## [EXERCISE DESCRIPTION]
Reproduce precisely the lines of the listing below, starting with the line that contains "ALL ONLINE SALES ARE FINAL." and stopping after the line that contains "PLEASE ALLOW AT"; include nothing else.
(RECORDS FOR THE EXERCISE begins)
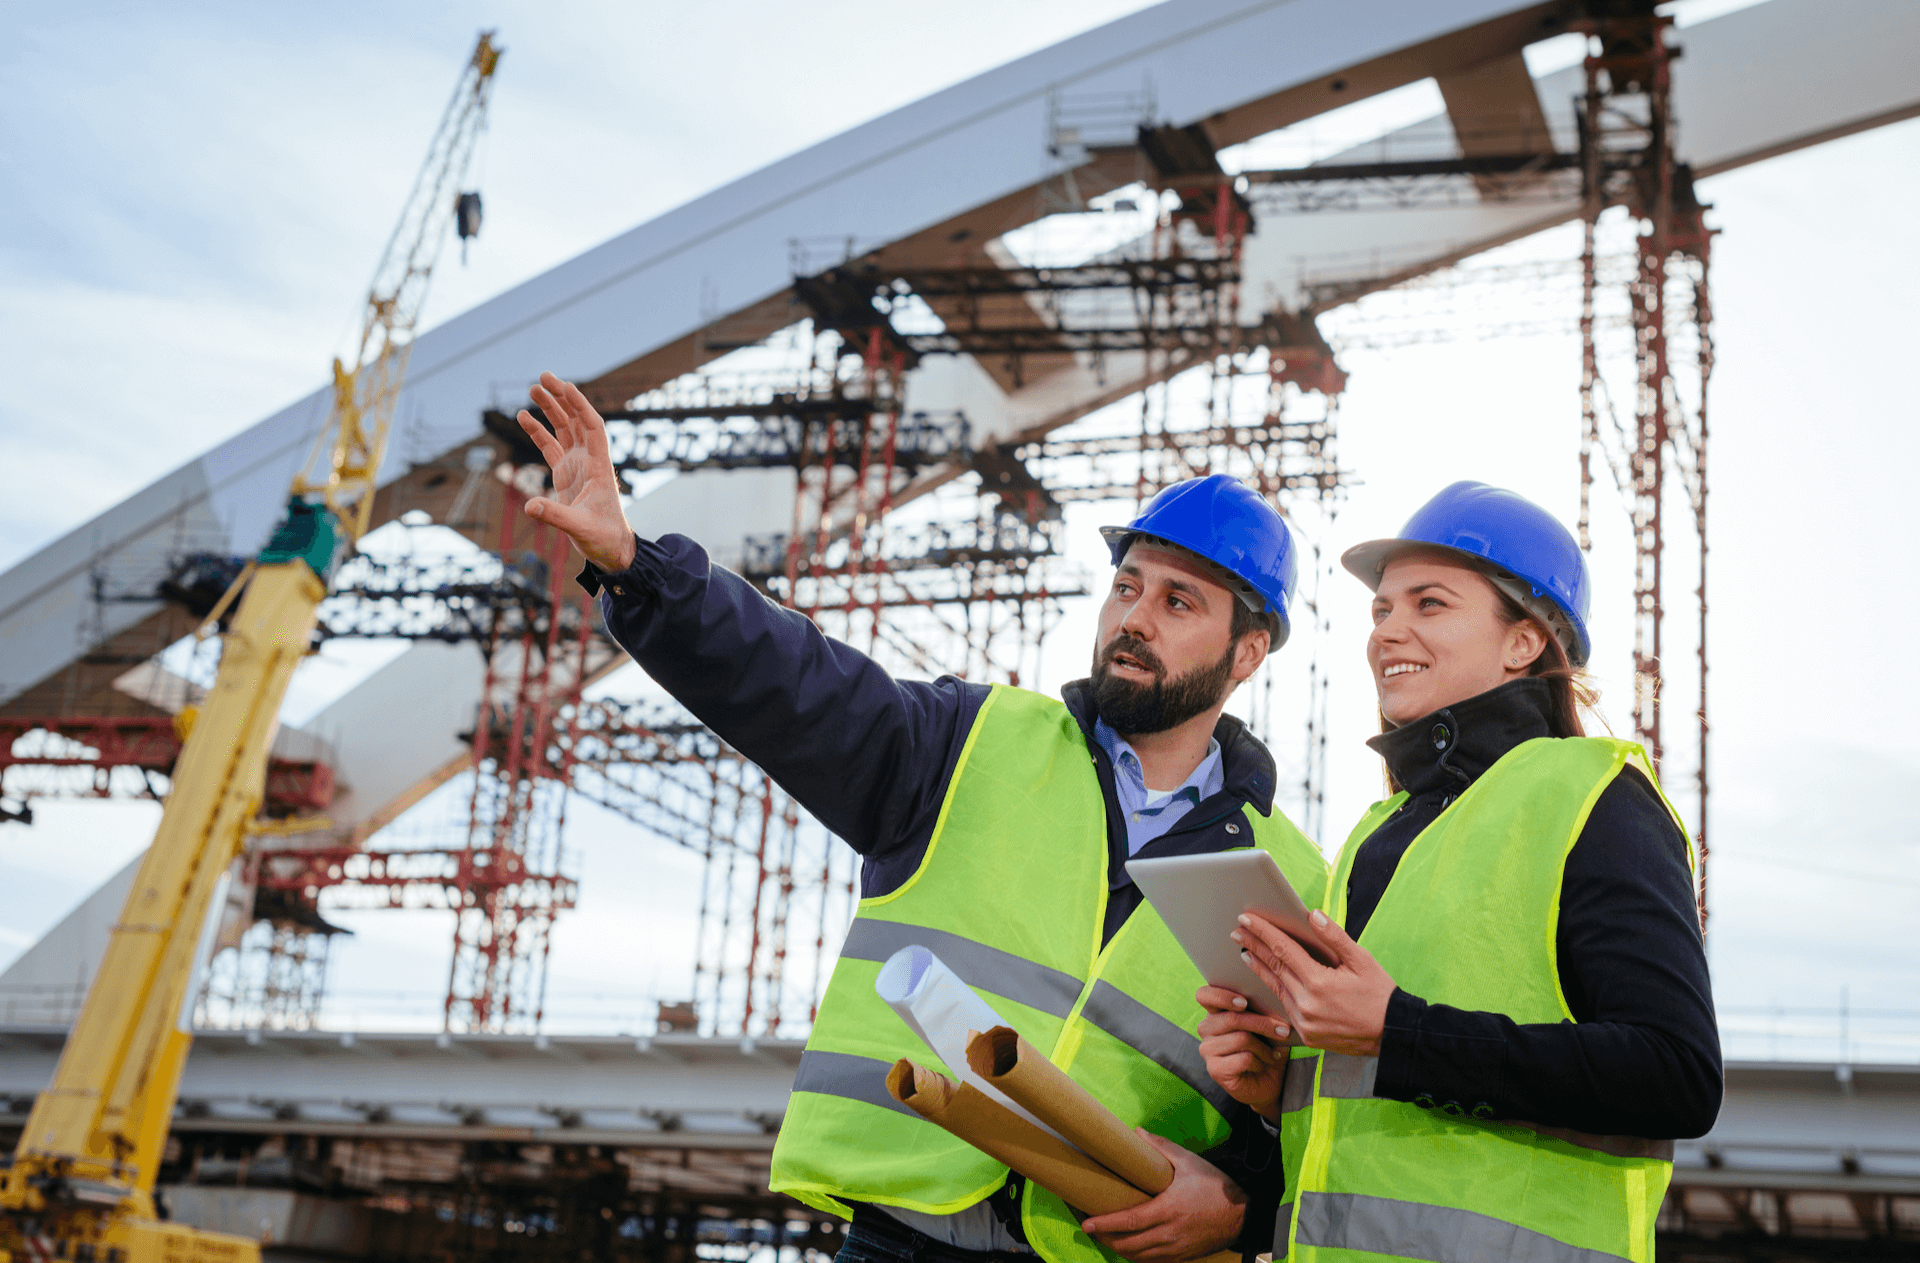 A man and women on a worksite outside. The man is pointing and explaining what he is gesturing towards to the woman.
(RECORDS FOR THE EXERCISE ends)
(RECORDS FOR THE EXERCISE begins)
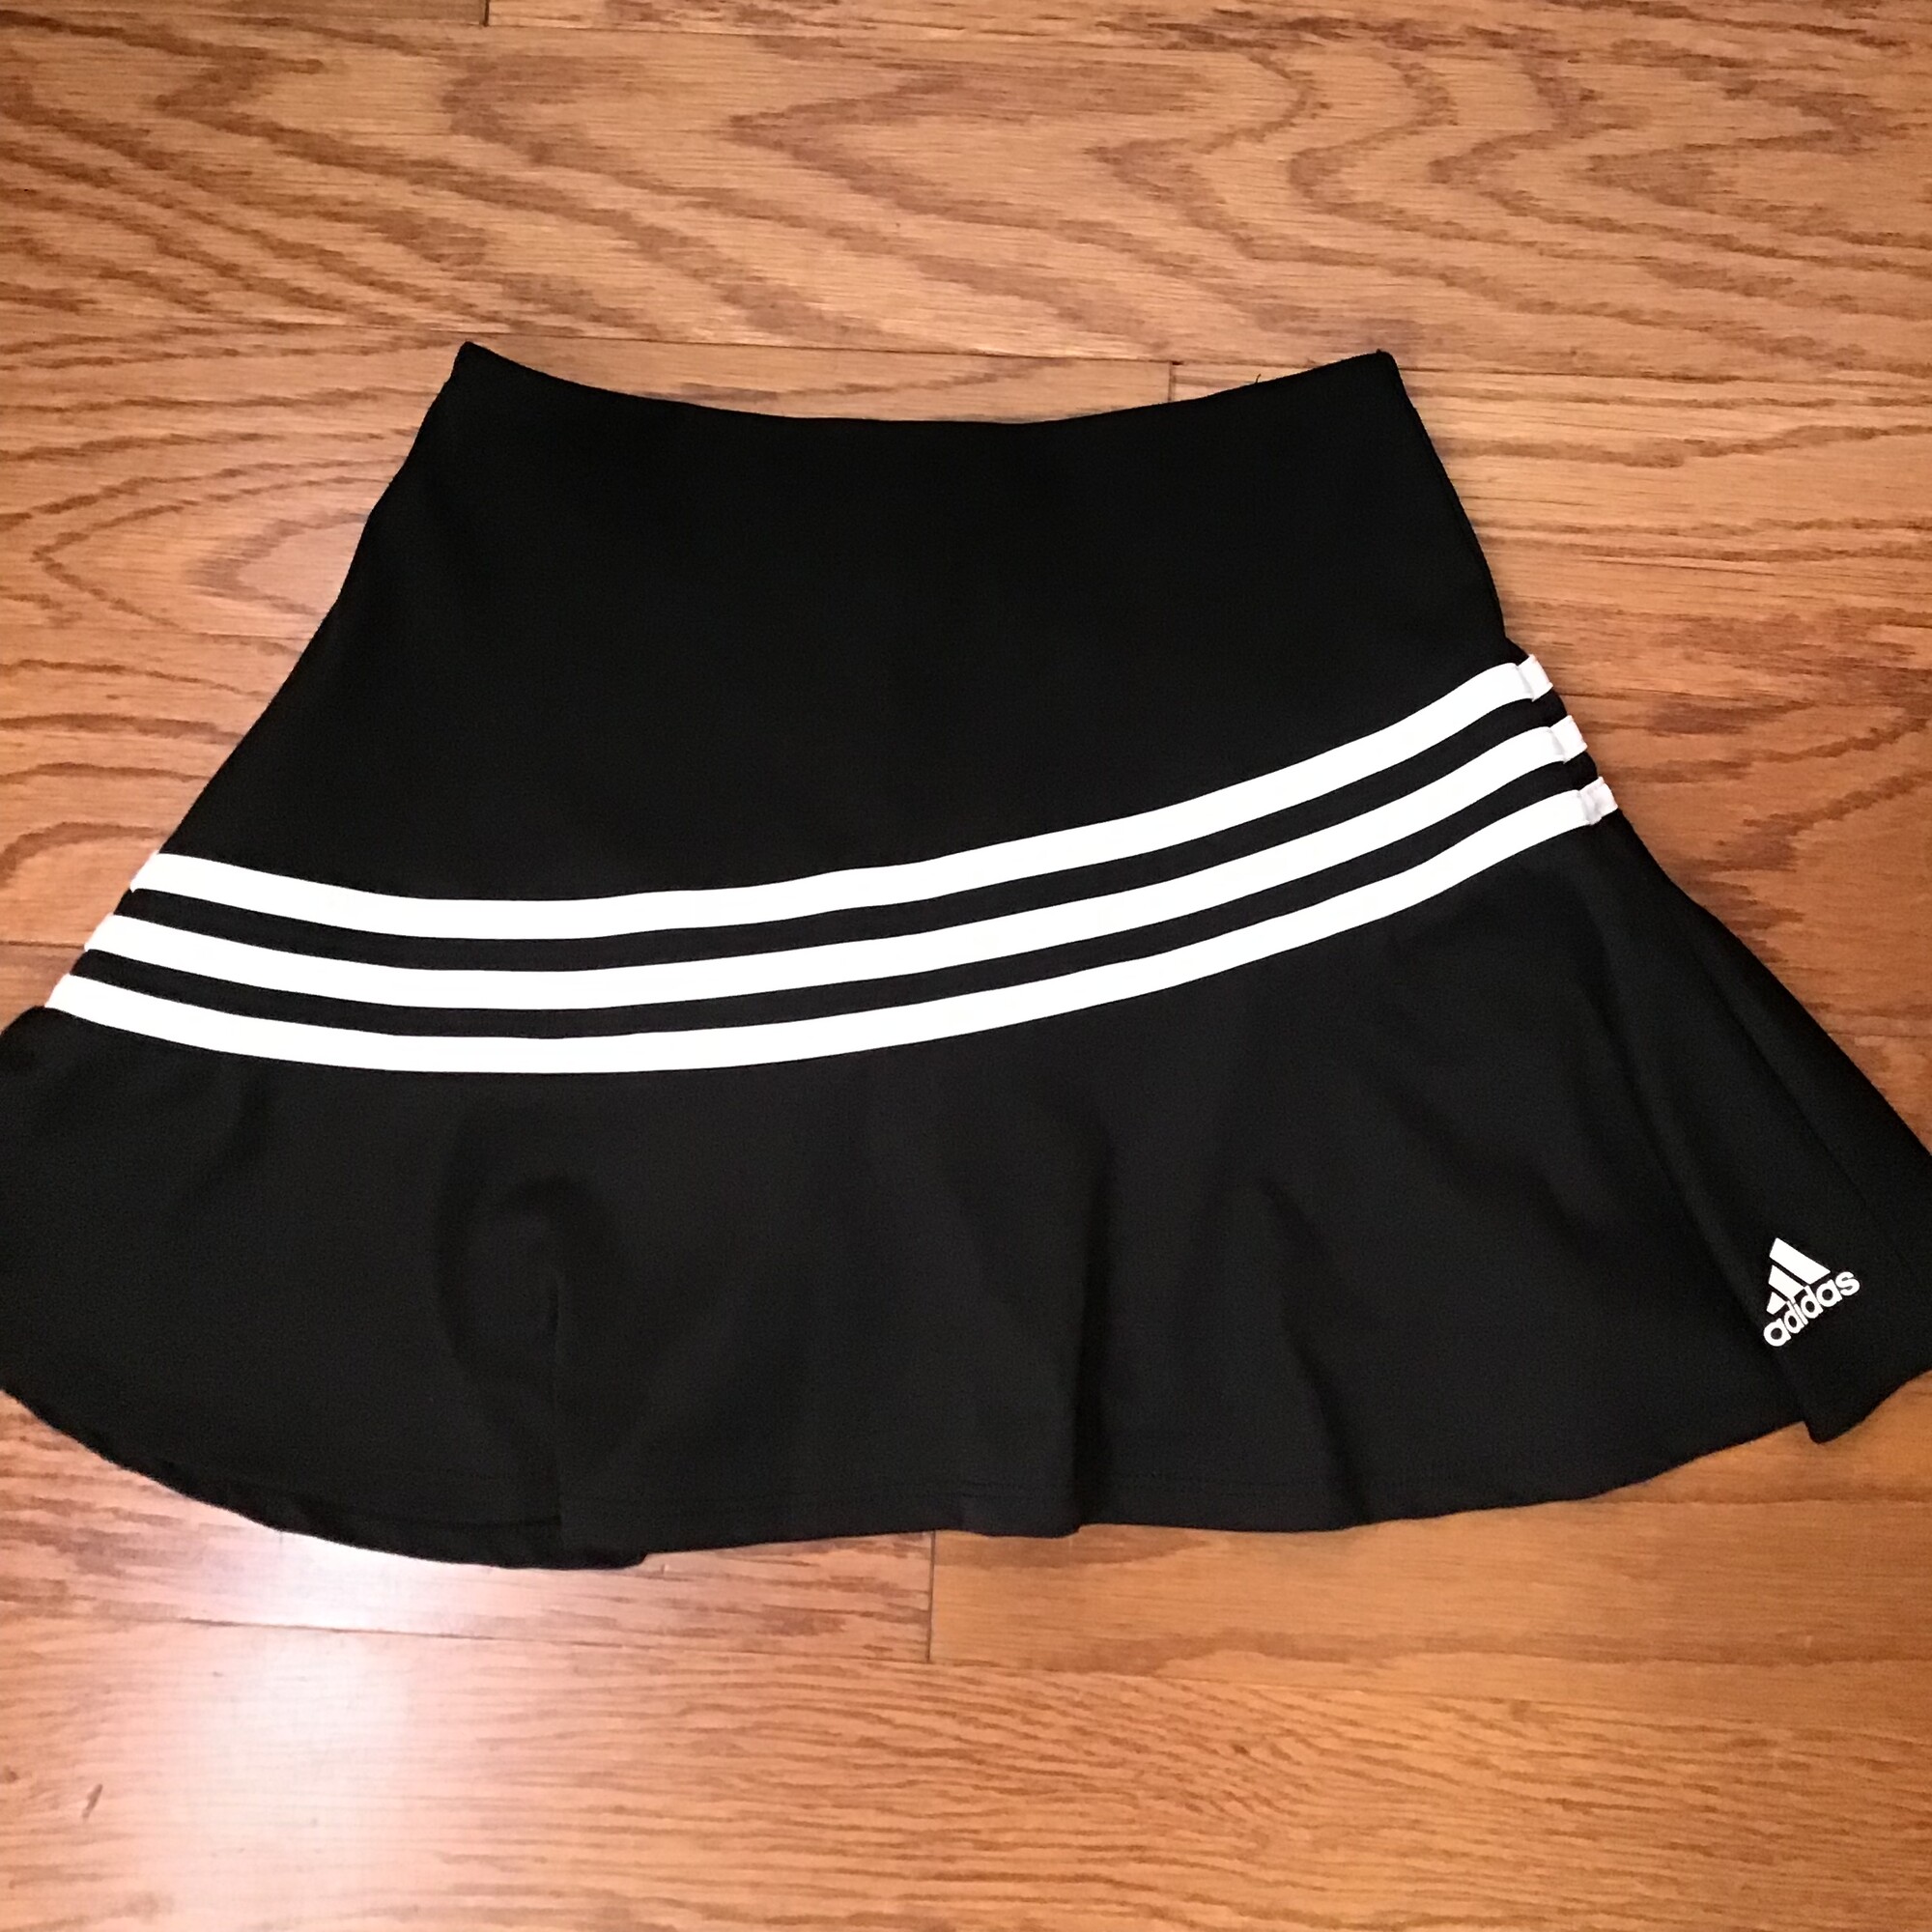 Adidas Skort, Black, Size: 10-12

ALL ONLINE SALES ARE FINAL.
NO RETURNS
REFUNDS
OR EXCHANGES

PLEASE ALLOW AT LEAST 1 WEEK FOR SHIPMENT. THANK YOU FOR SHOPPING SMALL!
(RECORDS FOR THE EXERCISE ends)
(RECORDS FOR THE EXERCISE begins)
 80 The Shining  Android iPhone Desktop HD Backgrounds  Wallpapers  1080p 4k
(RECORDS FOR THE EXERCISE ends)
## [SOLUTION TO THE PROBLEM]
ALL ONLINE SALES ARE FINAL.
NO RETURNS
REFUNDS
OR EXCHANGES

PLEASE ALLOW AT LEAST 1 WEEK FOR SHIPMENT. THANK YOU FOR SHOPPING SMALL!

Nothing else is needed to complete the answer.